The Off-MLS Debate Has a Data Problem
The real estate industry is in the middle of a heated conversation about off-MLS marketing, and much of it is generating more heat than light. Critics have focused their attention squarely on Compass and its structured approach to pre-market and private listings, framing the brokerage as if it invented a practice that circumvents the Multiple Listing Service. But according to Compass International Holdings Chief Economist Mike Simonsen, that framing ignores a fundamental truth baked into the data: off-market selling was already happening at massive scale long before Compass formalized anything.
The number at the center of Simonsen's argument is 1.4 million. That's the estimated volume of existing listings that transact each year entirely outside the MLS, without any structured pre-market program, without institutional backing, and largely without scrutiny.

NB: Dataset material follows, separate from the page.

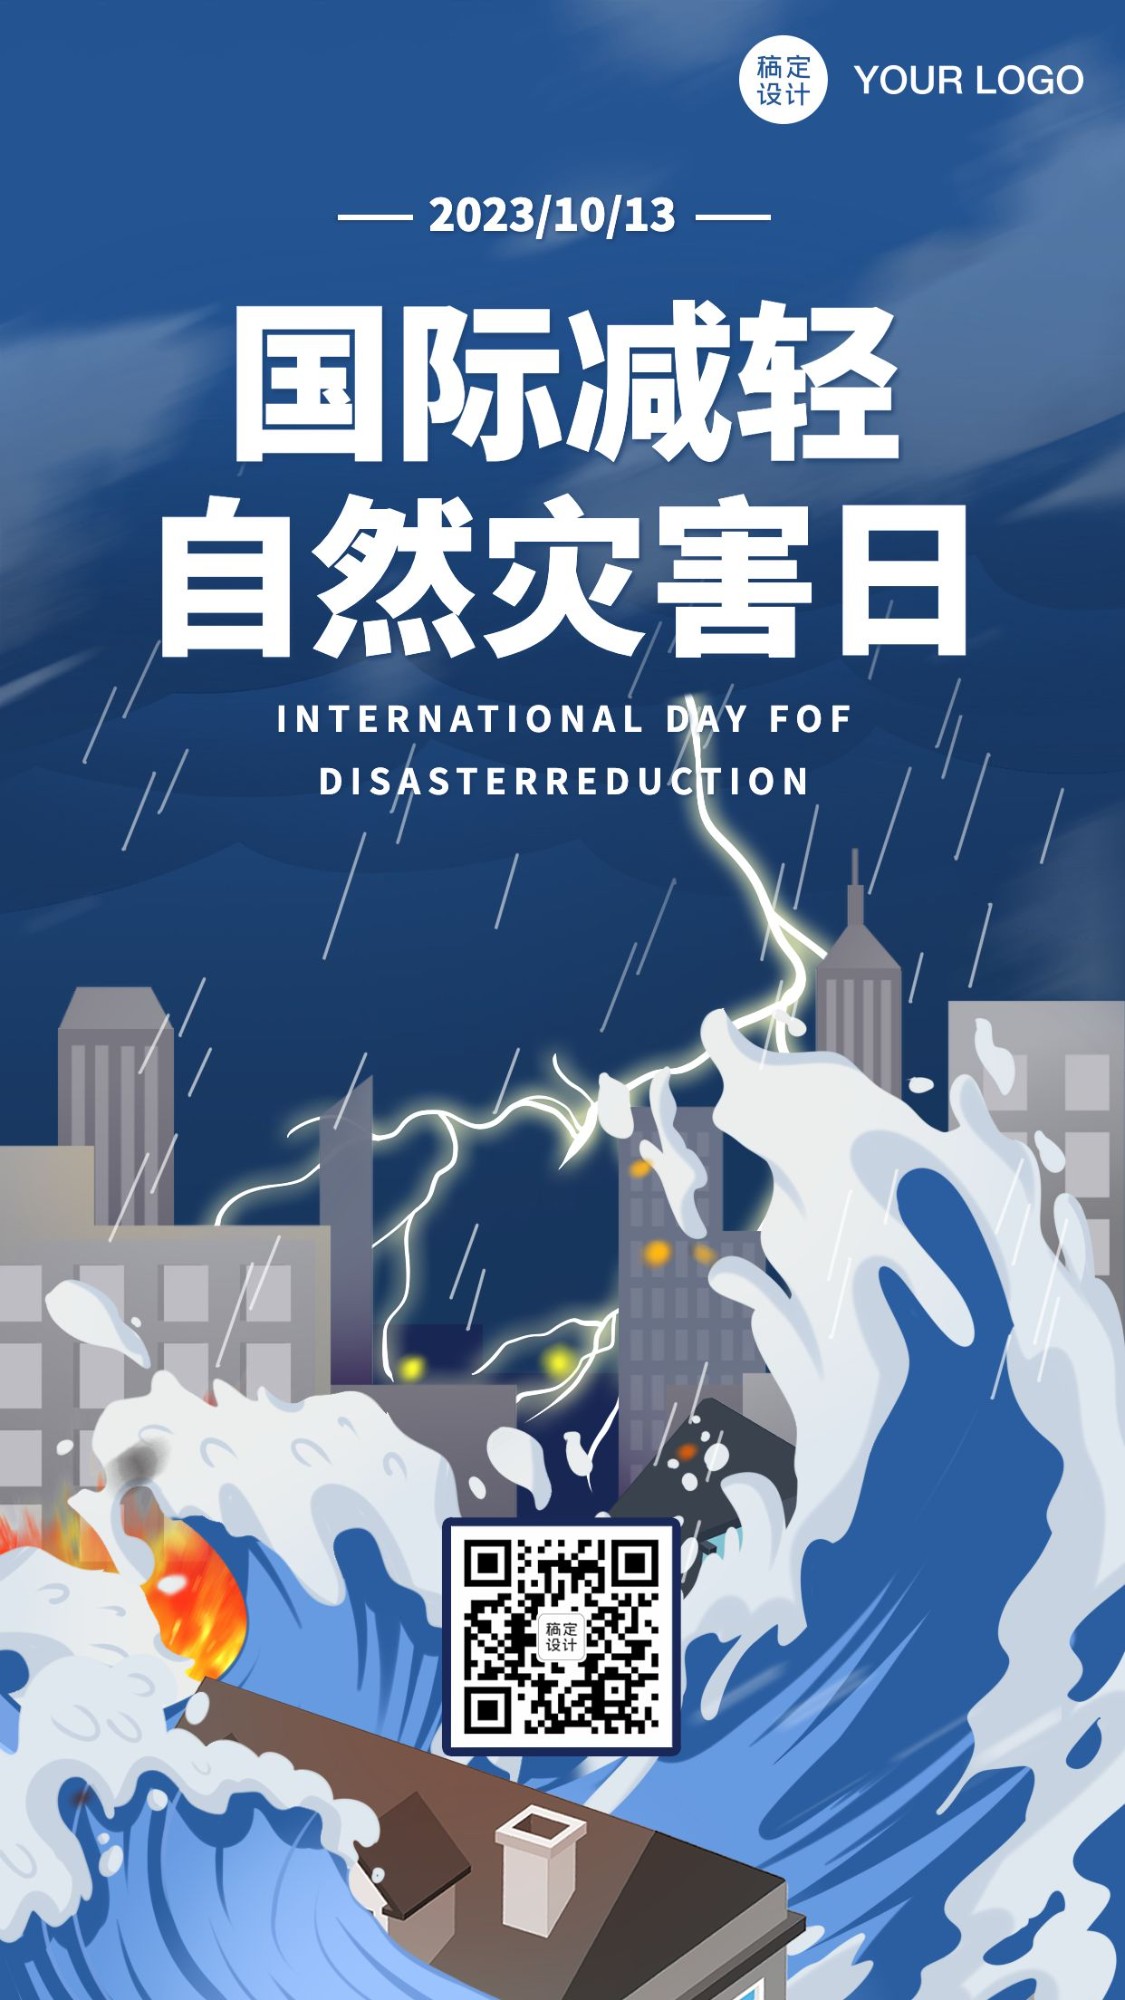 国际减轻自然灾害日插画手机海报

If the industry is serious about protecting consumers and promoting transparency, that's where the conversation needs to start — not with a single brokerage's branded marketing strategy.
What Compass Actually Built
To understand Simonsen's argument, it helps to be clear about what Compass did and did not do. Compass did not create off-market real estate transactions. Private sales, pocket listings, and deals made through personal networks have existed for as long as real estate has been a profession. Wealthy sellers have long preferred discretion. Agents have always known people. Properties have always changed hands quietly.

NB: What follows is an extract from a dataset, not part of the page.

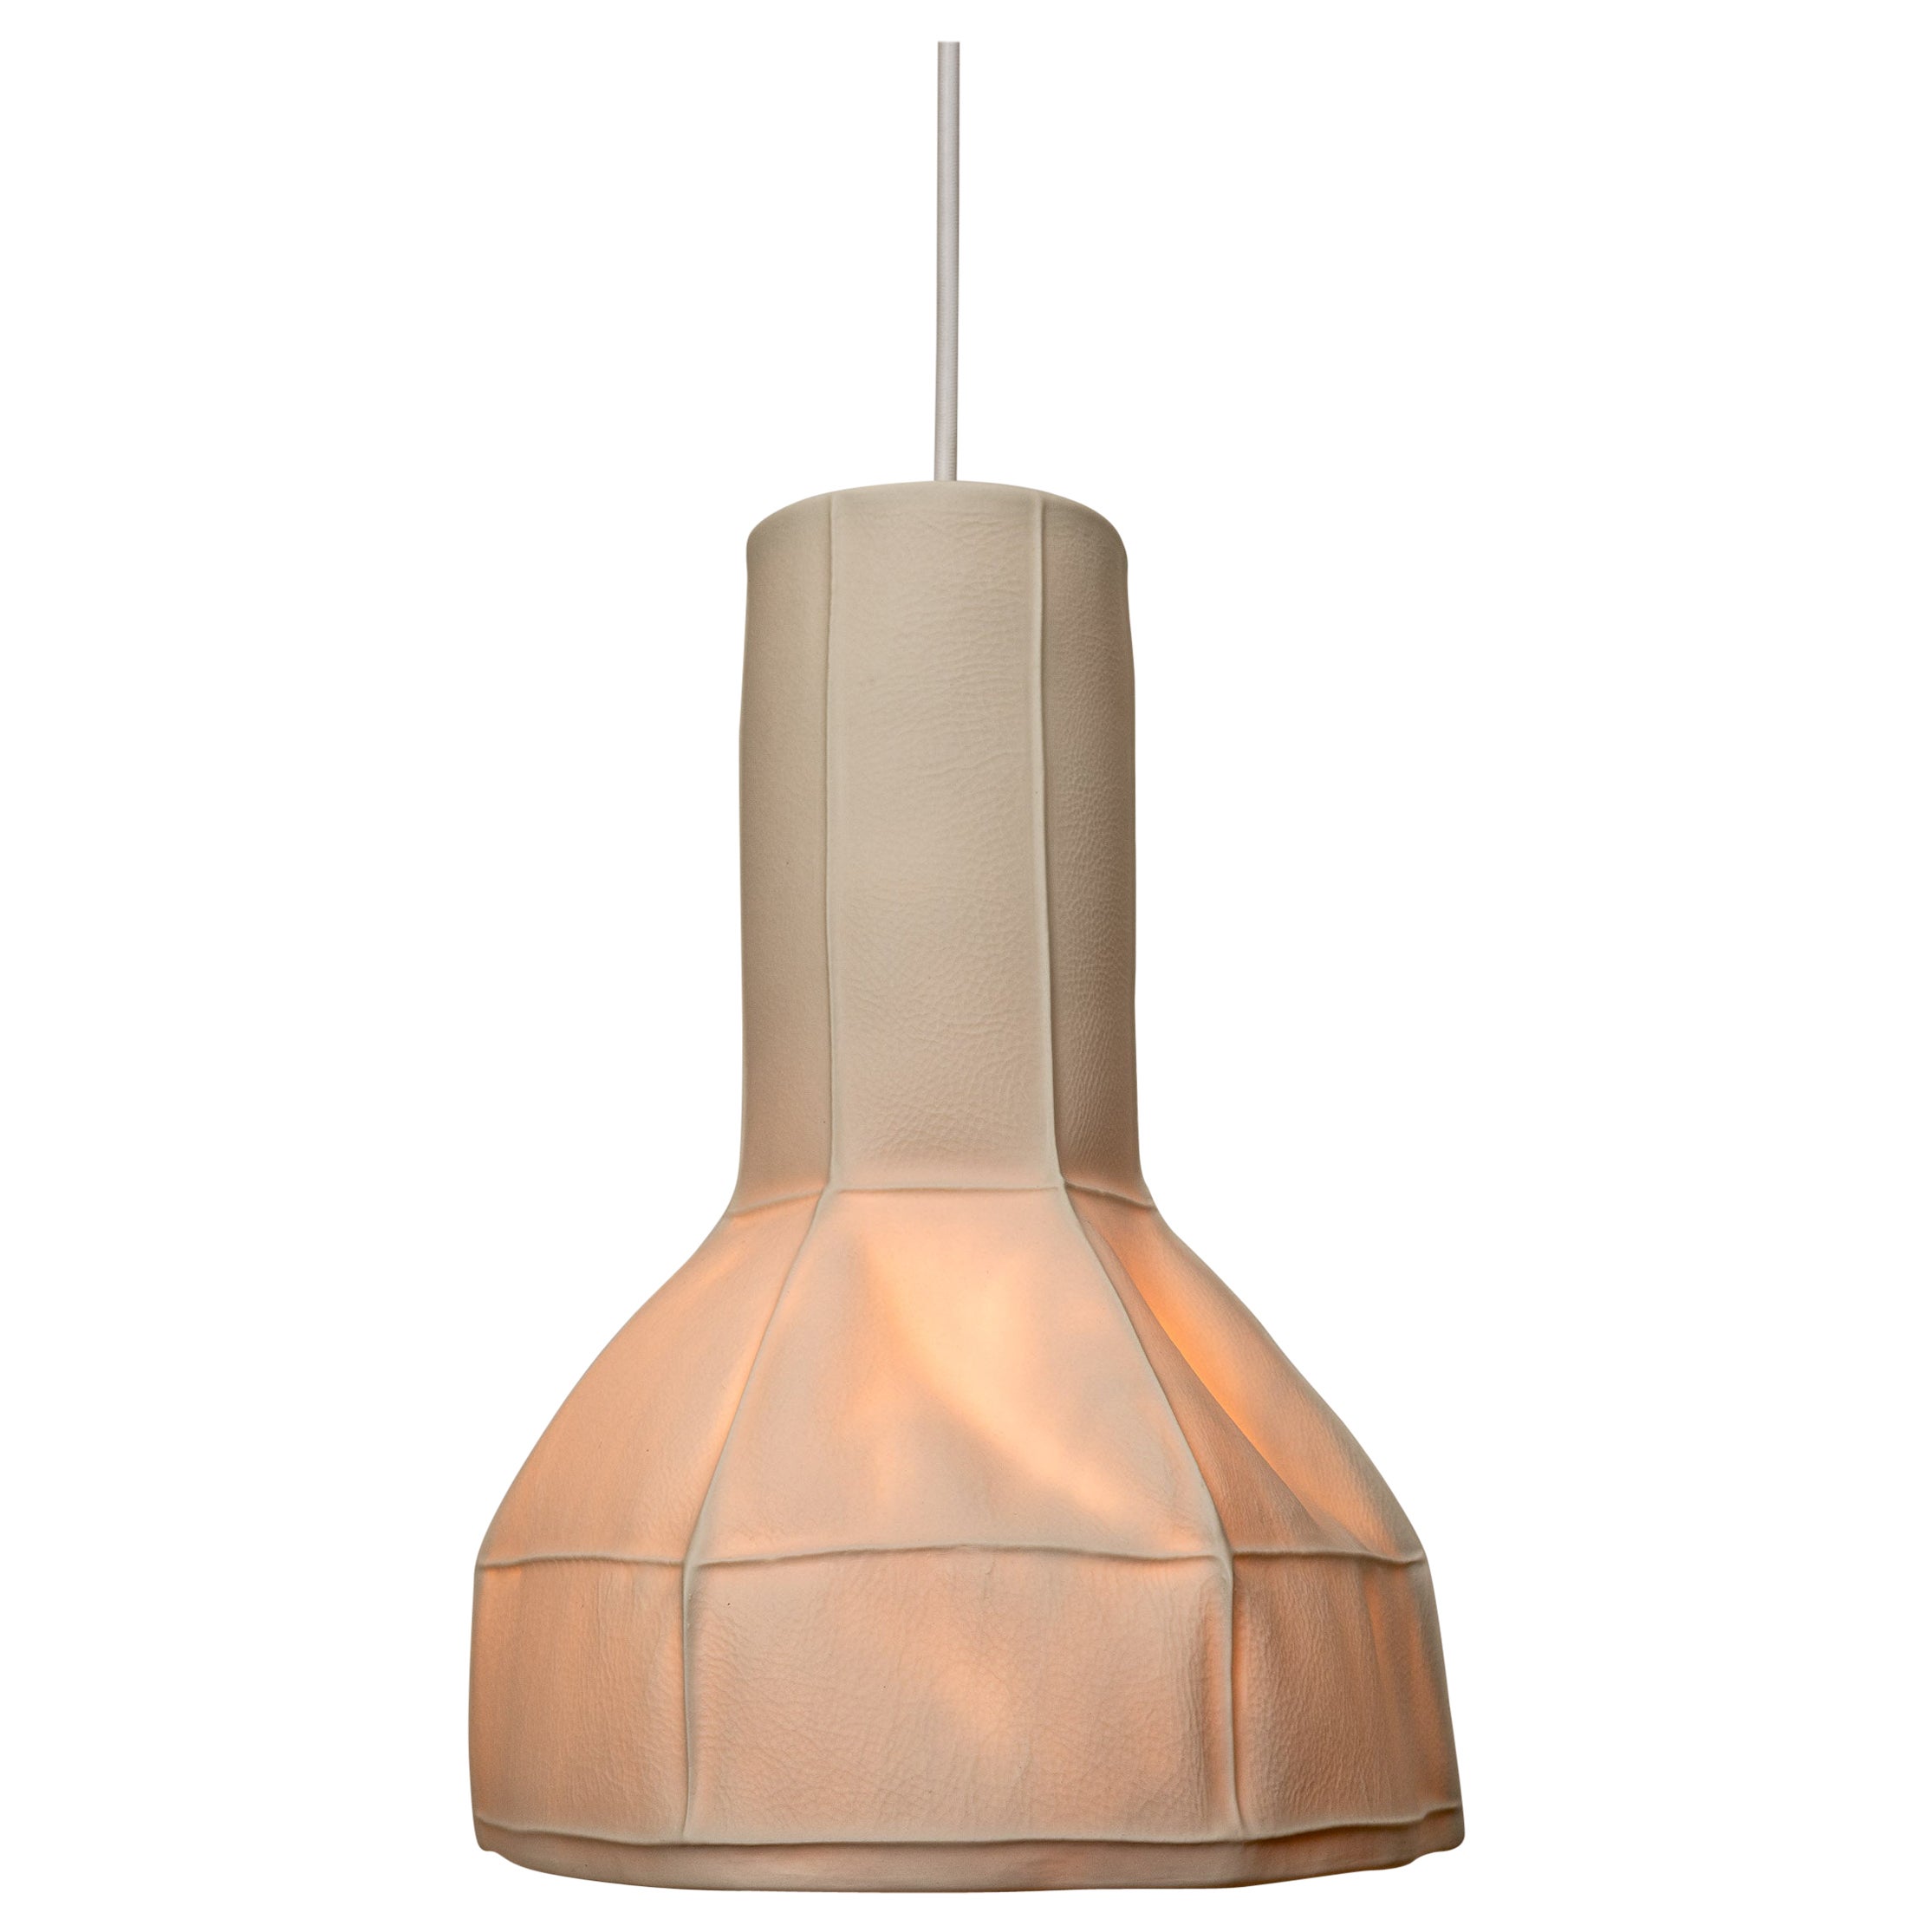 Lampe à suspension Kawa 05, en porcelaine organique et moderne blanche, moulée en cuir

What Compass did create was the first large-scale, structured, and transparent framework for managing the pre-market phase of a listing. Its program gives sellers an organized way to test market interest before going live on the MLS, with defined timelines and explicit opt-in consent. Rather than a handshake deal conducted in the shadows, Compass built a documented process with guardrails.

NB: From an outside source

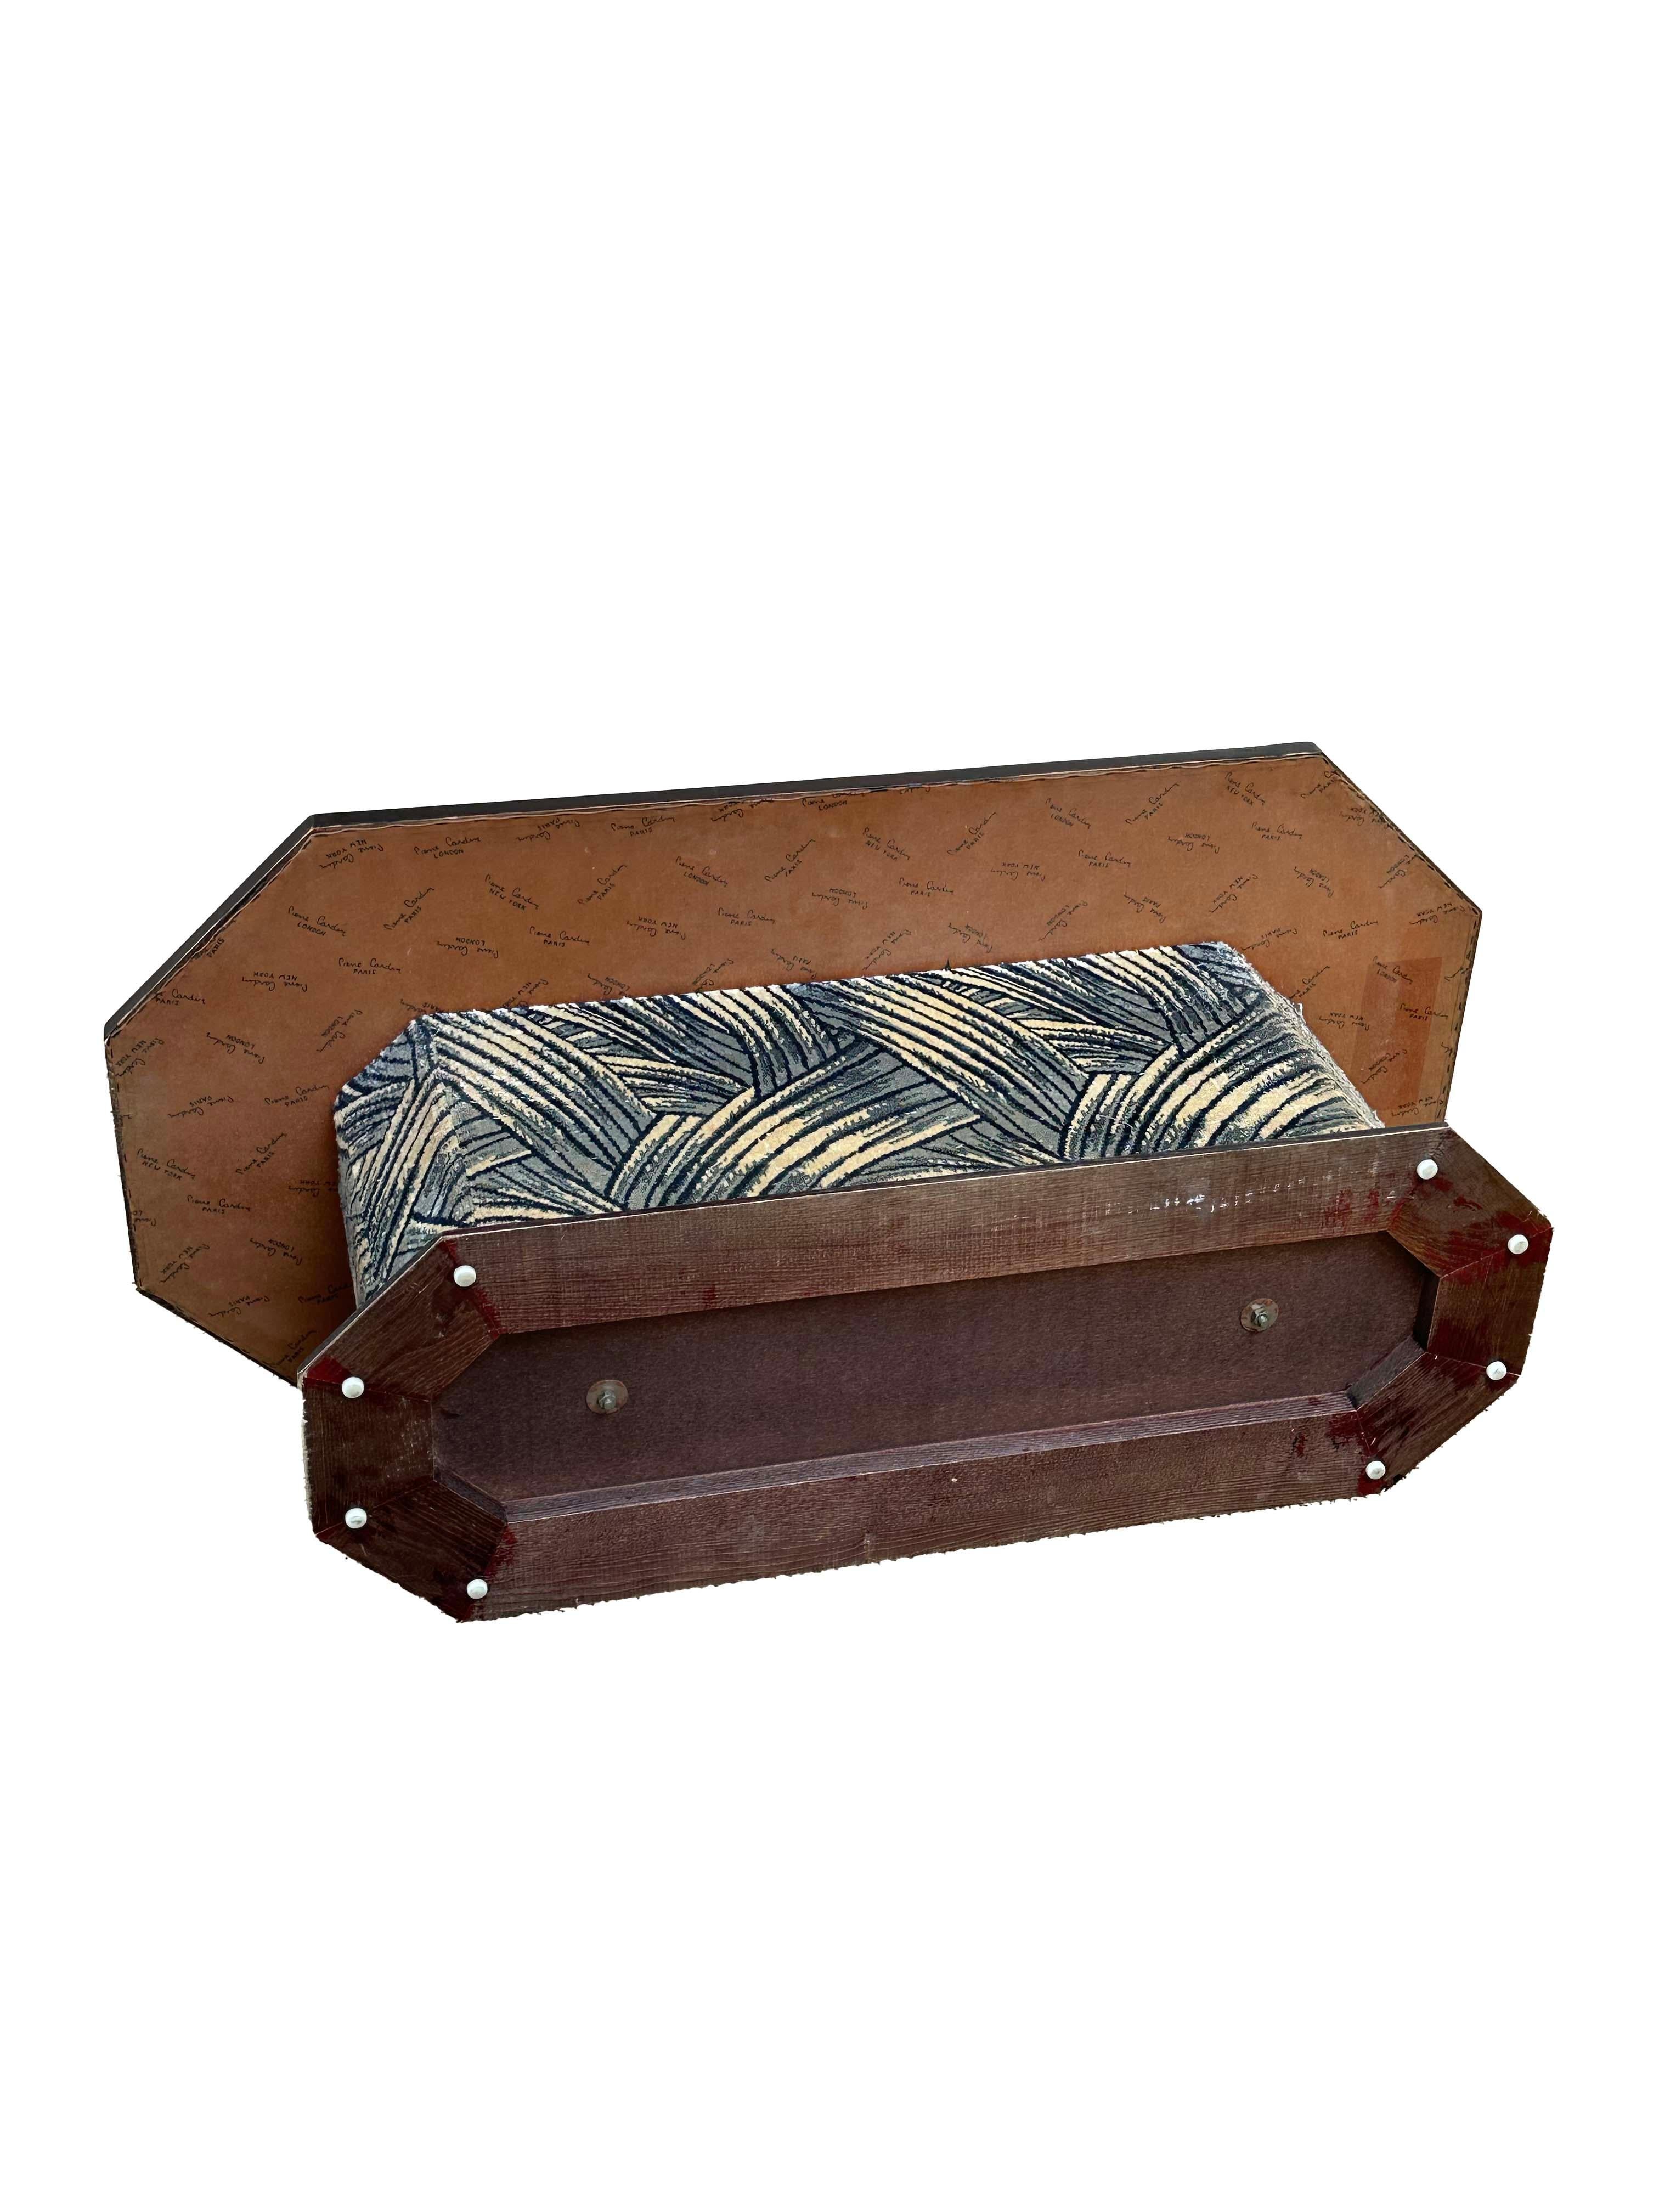 Pierre Cardin 1970s upholstered velvet coffee table  For Sale 1

Simonsen's point is that this distinction matters enormously. A structured alternative to an existing practice is fundamentally different from the practice itself. When critics conflate the two, they end up arguing against the more transparent version of something that isn't going away regardless of what any policy body decides.
The 1.4 Million Listings the Debate Ignores
Here is where the data becomes impossible to dismiss. An estimated 1.4 million real estate transactions per year occur outside the MLS with no structured framework, no formal pre-market program, and no organized accountability. These are deals struck through agent networks, seller relationships, and informal channels that leave buyers with little visibility and sellers with no institutional support guiding their choices.
These transactions don't make headlines. They don't inspire industry task forces. They don't generate op-eds about consumer harm. Yet by virtually any measure of transparency or fair access, they represent a far larger and less regulated portion of the off-market universe than anything Compass has built.
The selective focus on Compass while 1.4 million informal off-market transactions proceed each year raises legitimate questions about what the debate is truly about. If the concern is genuinely about consumer protection and equal access to listings, the industry's energy would be far better spent addressing the broader, unstructured off-market ecosystem than targeting the one player that actually formalized the process.
Why the MLS-First Argument Isn't as Simple as It Sounds
Proponents of mandatory MLS-first rules argue that listing a property on the MLS before any other marketing gives all buyers equal access and produces the best outcomes for sellers through maximum exposure. It's a reasonable principle on its face, and maximum exposure does often correlate with stronger offers and better prices.
But the argument becomes more complicated when you apply it uniformly across every seller situation. Some sellers have privacy concerns that are entirely legitimate — high-profile individuals, people going through divorce, estate sales with family sensitivities, or simply homeowners who don't want a parade of strangers through their homes before they're ready. For these sellers, a pre-market window isn't an attempt to game the system. It's a practical tool that reflects the reality of their circumstances.
Simonsen's broader argument is that policy should grapple with this complexity rather than defaulting to one-size-fits-all mandates that ignore why sellers seek alternatives in the first place. Structured pre-market programs, done with proper disclosure and seller consent, can actually serve those sellers better than leaving them to navigate informal off-market channels entirely on their own.
Transparency as the Real Standard
If there is a productive path forward in the off-MLS debate, Simonsen's perspective suggests it runs through transparency and informed consent rather than blanket prohibition. The question should not simply be whether a listing appears on the MLS first. It should be whether sellers fully understand their options, whether buyers have reasonable visibility into available inventory, and whether the process — whatever form it takes — is documented and accountable.
By that standard, a well-structured pre-market program with defined timelines and explicit seller consent compares favorably to the alternative: 1.4 million annual transactions conducted through informal channels with no oversight whatsoever.
What the Industry Should Actually Be Talking About
The off-MLS debate is not going to disappear, and the underlying tensions it reflects — between seller autonomy and buyer access, between innovation and standardization, between private discretion and public transparency — are real and worth working through carefully.
But any honest reckoning with those tensions has to start with the full picture of how off-market real estate actually works today. That means looking at all 1.4 million transactions happening outside the MLS every year, not just the ones operating under a recognized brand with a formalized program that critics can point to.
Compass didn't invent the problem. It built a structure around something the industry was already doing informally at enormous scale. Whether that structure is the right one is a fair question. But dismissing it while ignoring the broader off-market reality it was designed to address isn't a policy argument — it's a distraction.